I'm trying to run ALS on MovieLens data using spark. I'm getting error while loading the model
Py4JJavaError: An error occurred while calling o20.partitions.
: org.apache.hadoop.mapred.InvalidInputException: Input path does not exist: hdfs://quickstart.cloudera:8020/home/cloudera/Downloads/ml-100k/u.data
Below is my Code:
import sys
import os
os.environ['SPARK_HOME'] = '/usr/lib/spark'
os.environ['PYSPARK_PYTHON'] = '/usr/local/bin/python2.7'
os.environ['PYSPARK_SUBMIT_ARGS'] = ('--packages com.databricks:spark-csv_2.10:1.3.0 pyspark-shell')
# SparkContext is available as sc and HiveContext is available as sqlContext.
sys.path.append('/usr/lib/spark/python')
sys.path.append('/usr/lib/spark/python/lib/py4j-0.9-src.zip')
from pyspark import SparkContext
from pyspark import HiveContext
sc = SparkContext()
sqlContext = HiveContext(sc)
import numpy
from pyspark.mllib.recommendation import ALS, MatrixFactorizationModel, Rating
# Load and parse the data
data = sc.textFile('/home/cloudera/Downloads/ml-100k/u.data')
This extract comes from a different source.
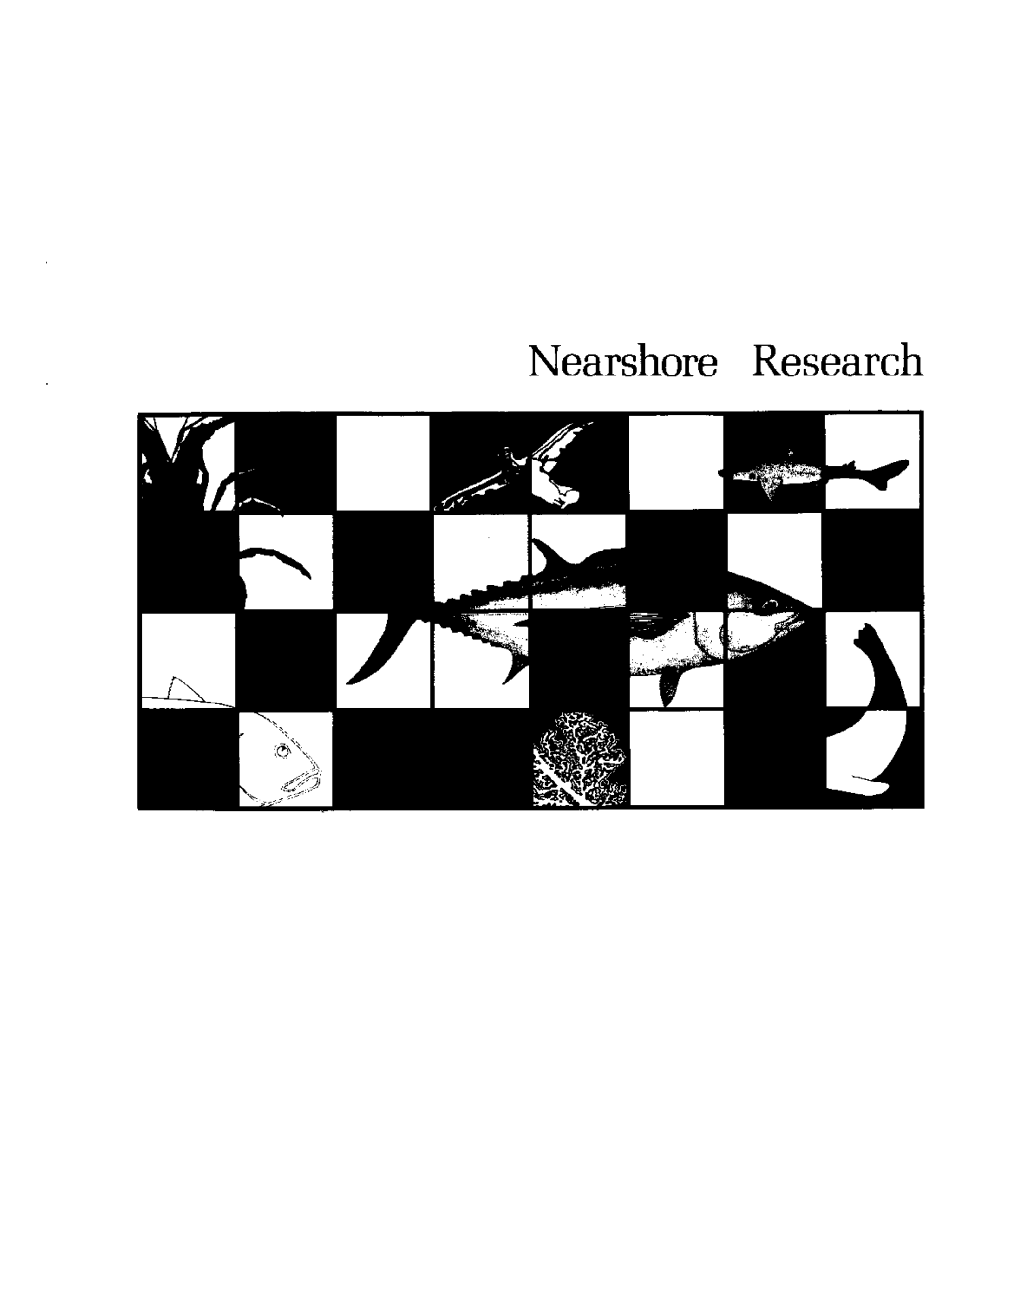 Nearshore Research

ratings = data.map(lambda l: l.split('\t')).map(lambda l: Rating(int(l[0]), int(l[1]), float(l[2])))
# Build the Recommendation model using Alternative Least Squares
rank = 10
numIterations = 10
model = ALS.train(ratings, rank, numIterations, seed=10, nonnegative=True) failing at this point
this is running
# r1 = Rating(1,2,3.0)
# r2 = Rating(1,1,4.0)
# r3 = Rating(2,1,1.0)
# ratings1 = sc.parallelize([r1,r2,r3])
# model = ALS.trainImplicit(ratings1, 1, seed=10)
# model.predict(2,2)
# Evaluate the model on training data
testdata = data.map(lambda p: (p[0], p[1]))
predictions = model.predictAll(testdata).map(lambda r: ((r[0], r[1]), r[2]))
ratesAndPred = ratings.map(lambda r: ((r[0], r[1]), r[2])).join(predictions)
MSE = ratesAndPred.map(lambda r: (r[1][0] - r[1][1])**2).mean()
print("Mean Squared Error = " + str(MSE))
Error:
model = ALS.train(ratings, rank, numIterations, seed=10, nonnegative=True)
Traceback (most recent call last):
File "<input>", line 1, in <module>
File "/usr/local/lib/python2.7/site-packages/pyspark/mllib/recommendation.py", line 243, in train
model = callMLlibFunc("trainALSModel", cls._prepare(ratings), rank, iterations,
File "/usr/local/lib/python2.7/site-packages/pyspark/mllib/recommendation.py", line 223, in _prepare
first = ratings.first()
File "/usr/local/lib/python2.7/site-packages/pyspark/rdd.py", line 1315, in first
rs = self.take(1)
File "/usr/local/lib/python2.7/site-packages/pyspark/rdd.py", line 1267, in take
totalParts = self.getNumPartitions()
File "/usr/local/lib/python2.7/site-packages/pyspark/rdd.py", line 2363, in getNumPartitions
return self._prev_jrdd.partitions().size()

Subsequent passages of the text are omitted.